American botanist (1906-1999)

Albert Charles Smith (April 5, 1906 – May 23, 1999) was an American botanist who served as director of the National Museum of Natural History and Arnold Arboretum and was the former president of the American Society of Plant Taxonomists.

==Life==
Smith was born on April 5, 1906, in Springfield, Massachusetts. He received his bachelor's degree from Columbia University in 1926 and his PhD in 1933.

In 1928, he became a staff member of the New York Botanical Garden and made his first tropical trips to Colombia, Peru, and Brazil from 1926 to 1929.

He later left New York City to be director of the Arnold Arboretum at Harvard and worked there until 1948 when he joined the Smithsonian Institution.

At the Smithsonian, he was first director of the Department of Botany and then a director of the National Museum of Natural History, and chaired several important scientific societies, such as the American Society of Plant Taxonomists.

From 1962 to 1963, he was the Assistant Secretary of the Smithsonian Institution and a program director of the National Science Foundation.

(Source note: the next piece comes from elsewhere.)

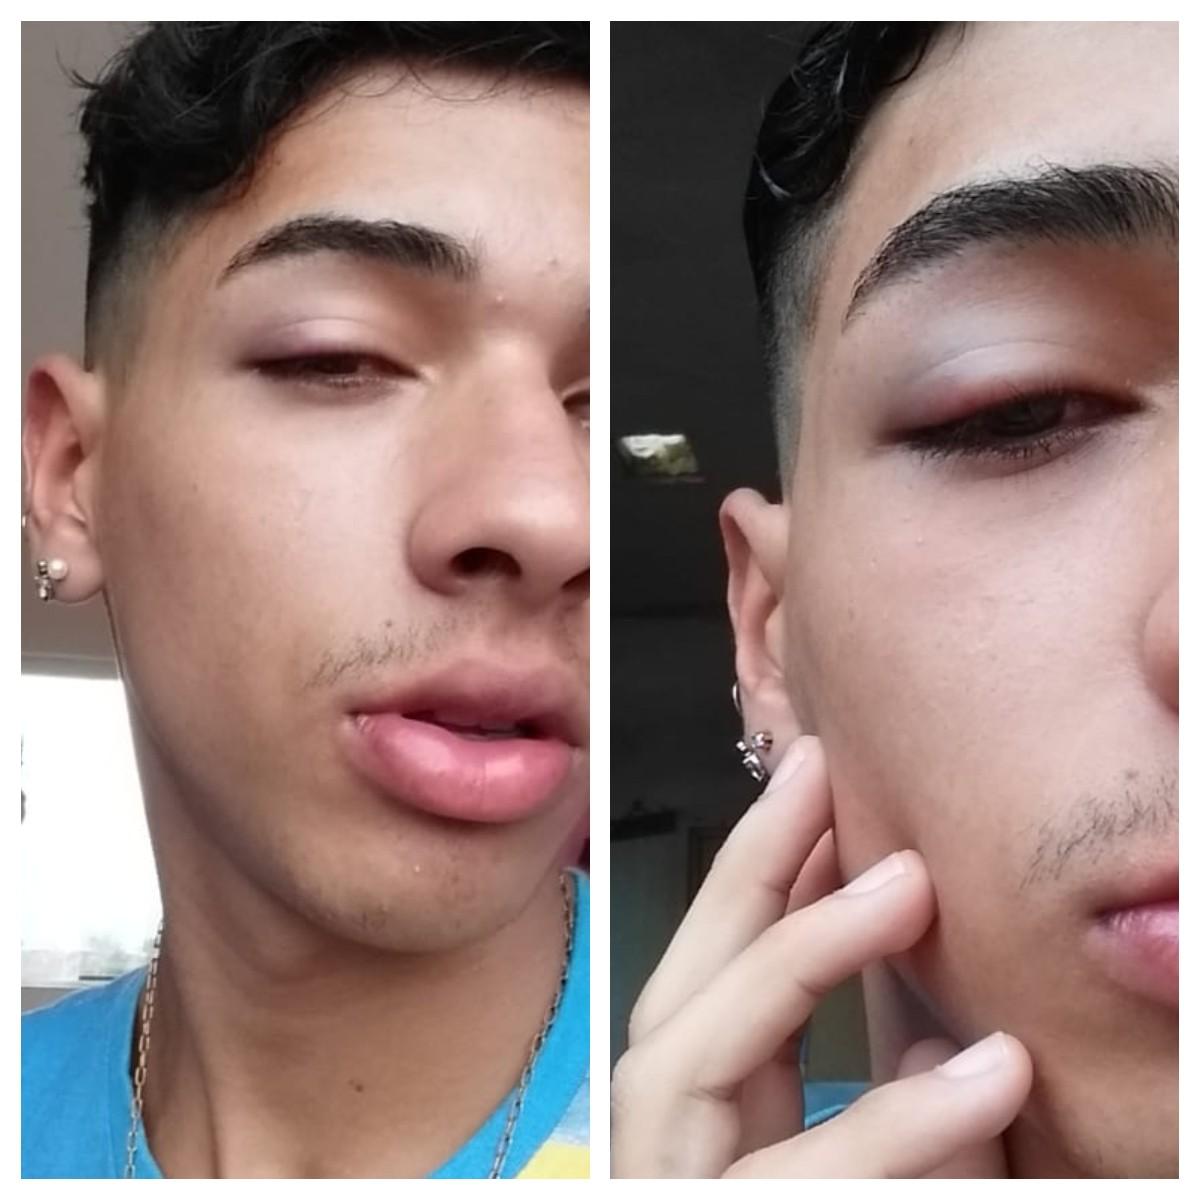 Jovem é agredido em bar no litoral de SP e denuncia homofobia na web: 'Não estamos seguros'

Smith was elected to membership in the United States National Academy of Sciences in 1963, and was a distinguished botanist who specialized in Pteridophytes and Spermatophytes at the University of Hawaiʻi until 1970. He moved to the University of Massachusetts until 1976 before returning to Hawaii to work at the National Tropical Botanical Garden. He formerly worked in the United States and Fiji.